Machine Learning is a subject that focuses on computer science.ProgramHow can I automatically improve performance with experience?
Broad Definition of machine learning:
Definition: For a certain type of task T and performance measurement P, if a computer program's performance measured by P on T is self-improved with experience E, we call this computer program learning from experience e.
Example:
Checkers learning problems:
• Task T: checkers
• Performance Standard P: Percentage of opponents defeated in the competition
• Training experience E: peer with yourself
Handwriting Recognition learning problems:
• Task T: Recognize and classify handwritten text in Images
• Performance Standard P: classification accuracy rate
• Training experience E: handwritten text database with known categories
Robot driving learning:
• Task T: driving on a four-lane expressway using visual sensors
• Performance Standard P: average error-free mileage (errors are determined by human supervision)
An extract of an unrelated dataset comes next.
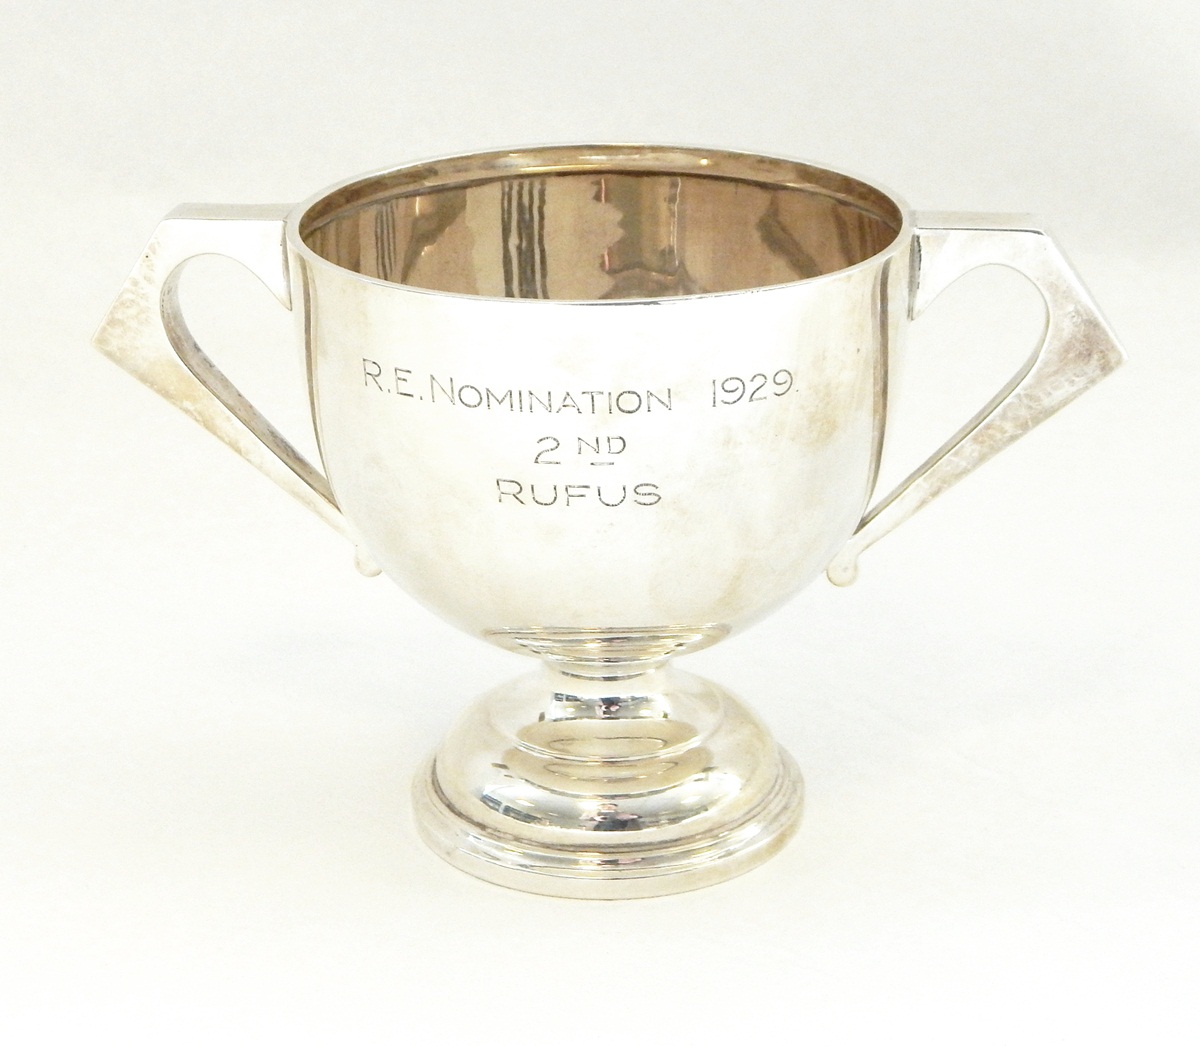 Silver two-handled trophy by H Phillips, London 1928 with presentation inscription, - Image 2 of 4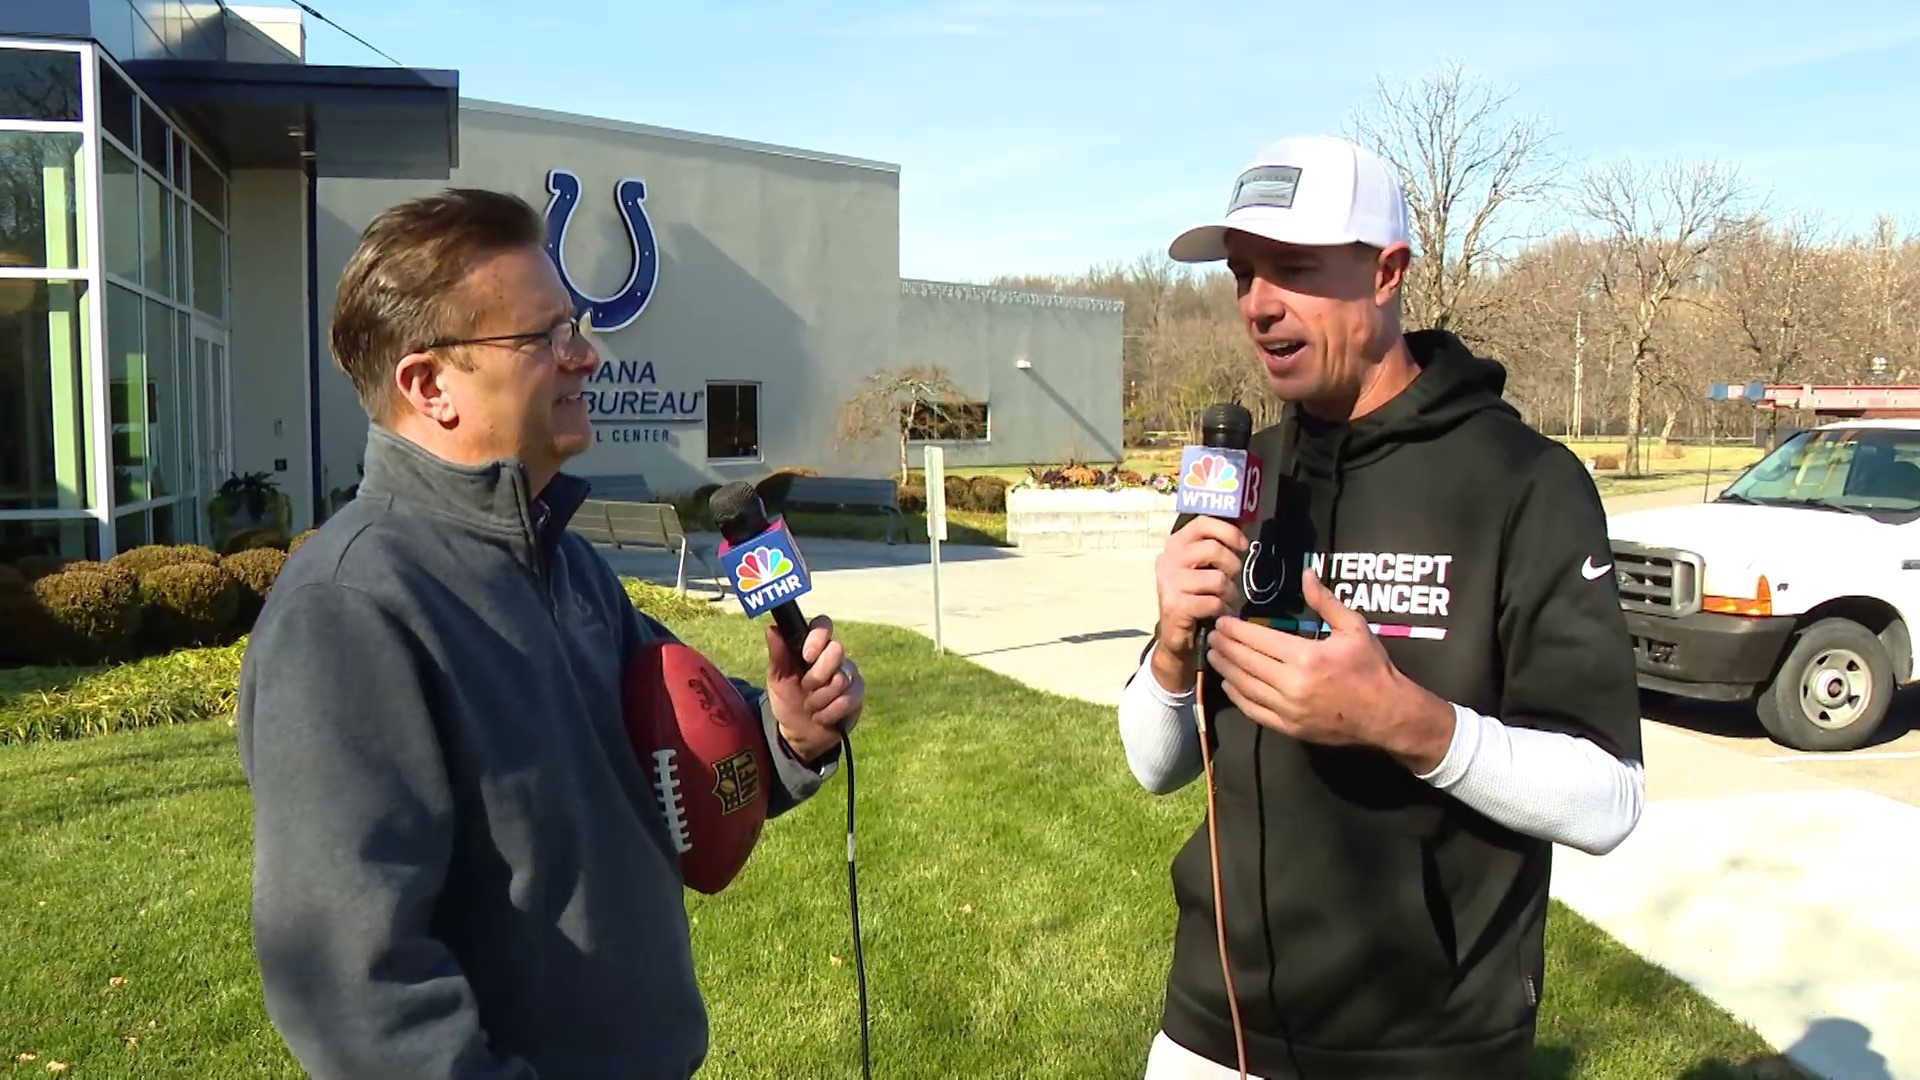 Colts QB Matt Ryan says the team needs to be firing on all cylinders for Monday night football against the Steelers.

• Training experience E: A series of images and driving instructions recorded while watching a human drive
Design a Learning System
Checkers learning problems:
• Task T: checkers
• Performance Standard P: Percentage of opponents defeated at World Championships
• Training experience E: peer with yourself
To complete the design of this learning system, you need to select:
1. Exact types of knowledge to be learned
2. Representation of this target knowledge
3. A Learning Mechanism
Select target function
We found that the problem of improving the performance of task t can be simplified to learning a specific target function like choosemove. Therefore, the selection of objective functions is a key design issue.
The choosemove function can be a target function, that is, the next step is to calculate the cursor position.
But it will be difficult to learn it, because the materials we learn are indirect.
It can also be an evaluation function V, which is easier to evaluate scores for a board game.
Selection of evaluation functions:
What is the exact value of the target function V for any game? Of course, any evaluation function that gives a higher score to a better game board is applicable.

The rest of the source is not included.